Les autorités affirment que les journalistes travaillaient sans accréditation.Baher Mohamed a lancé au début de l'audience: "les journalistes ne sont pas des terroristes".
Andrew Greste, également présent au tribunal, a indiqué que son frère, Peter, était "en bonne santé physique", déplorant toutefois n'avoir obtenu "aucune réponse des autorités égyptiennes à une lettre écrite par la famille".
"Peter est évidemment très reconnaissant et se sent renforcé par le soutien international", a-t-il poursuivi, assurant que c'était notamment grâce à cette mobilisation internationale en faveur du journaliste, récompensé par plusieurs prix prestigieux, "qui le fait tenir en prison" de laquelle il écrivait en janvier qu'elle débordait "de tous ceux qui se sont opposés ou ont défié le gouvernement".
Parmi les journalistes étrangers jugés par contumace figurent les Britanniques Sue Turton et Dominic Kane et la Néerlandaise Rena Netjes.

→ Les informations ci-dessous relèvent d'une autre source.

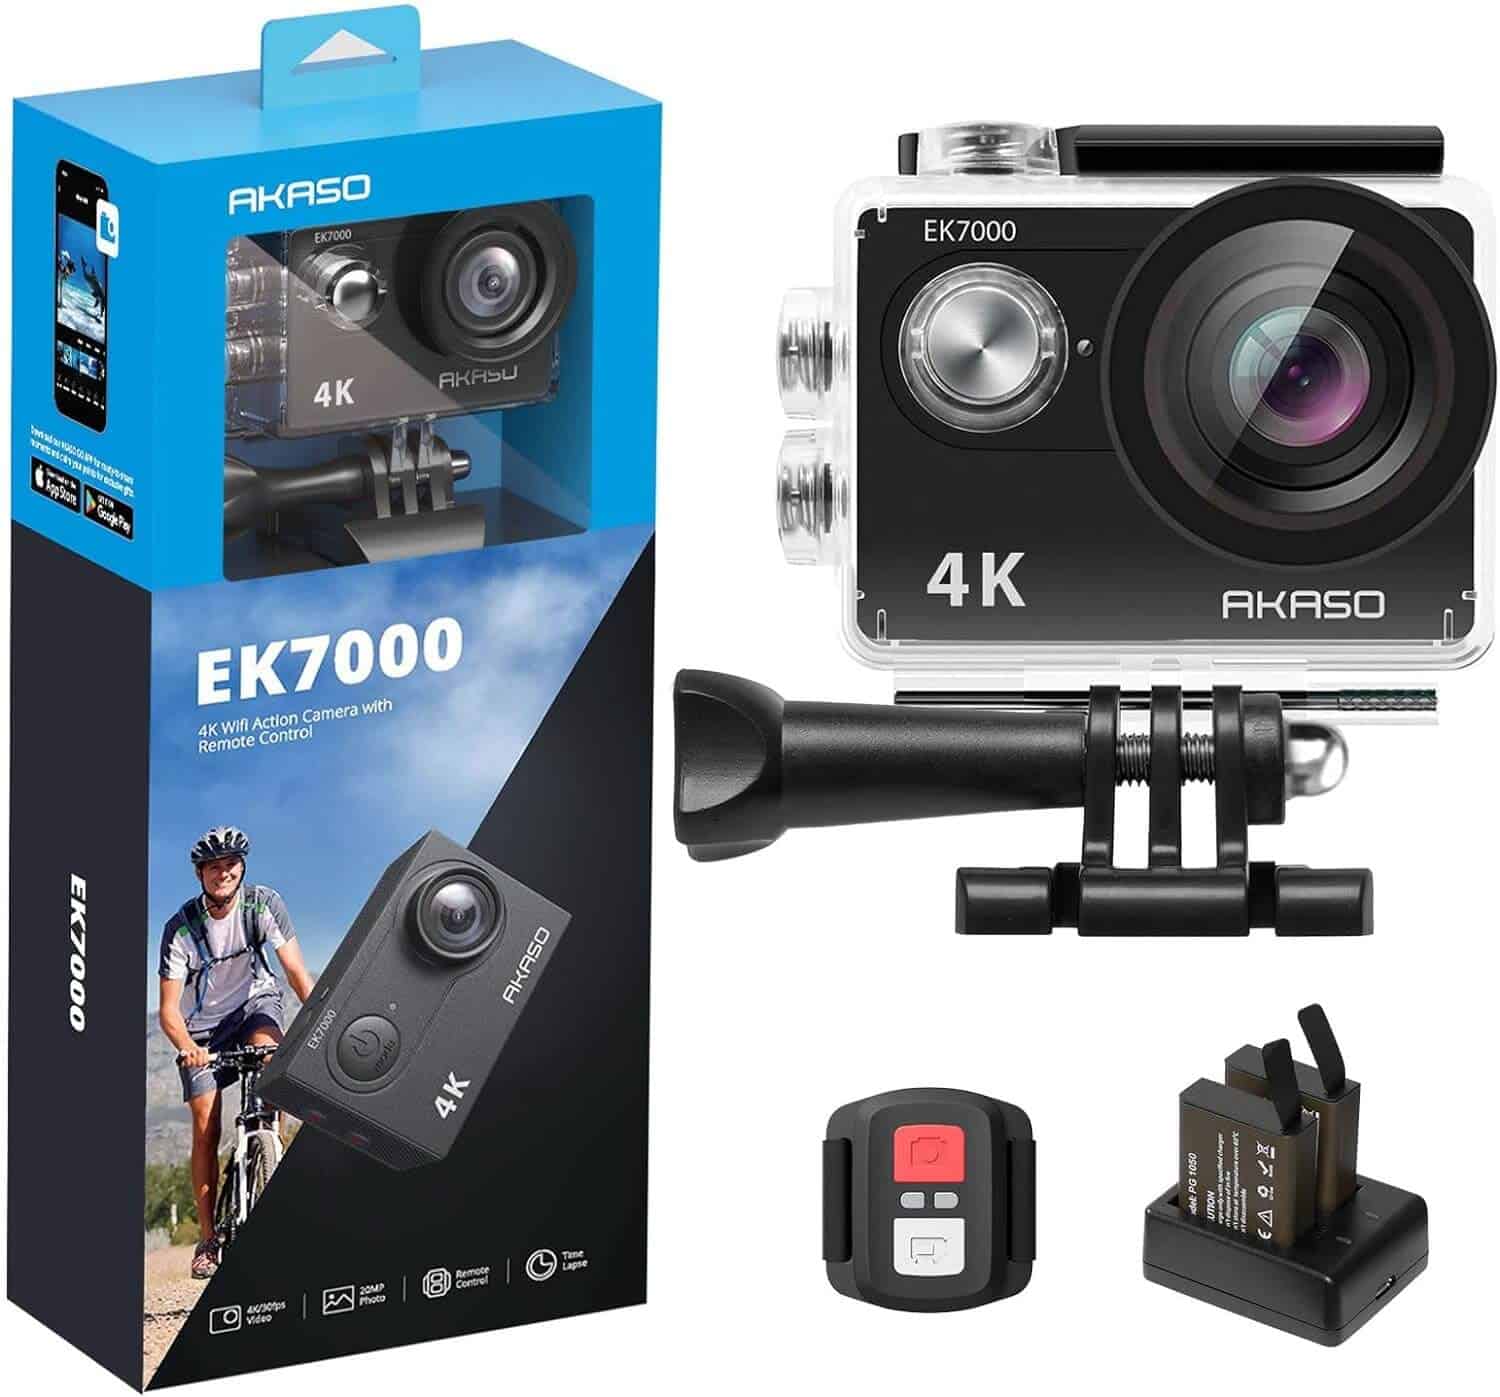 Best action camera on a budget, perfect for teens and beginners
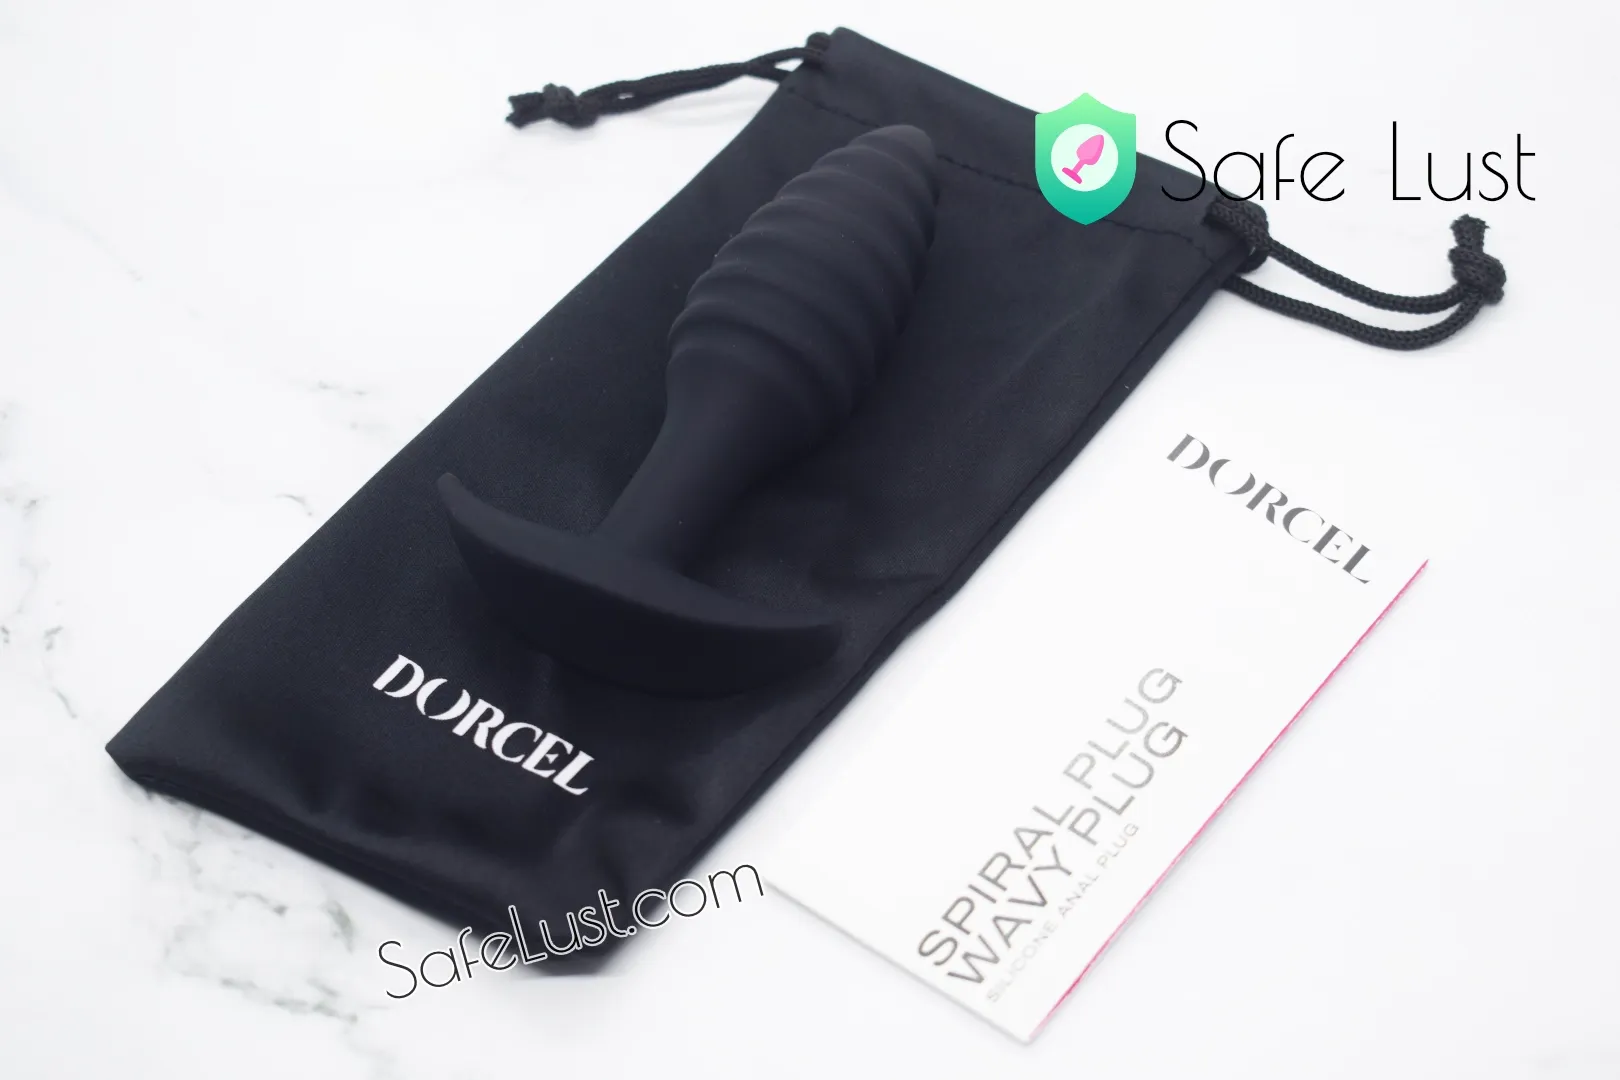 The Dorcel Spiral plug and its included storage pouch and user manual

A la veille de la deuxième audience dans ce procès Reporters sans Frontières (RSF) a dénoncé "la poursuite de la violation des libertés fondamentales (...) par les autorités".En janvier, Human Rights Watch avait déploré "une tolérance quasi zéro", tandis qu'Amnesty International accusait l'Egypte de n'accepter "qu'une seule version des faits: celle autorisée par les autorités".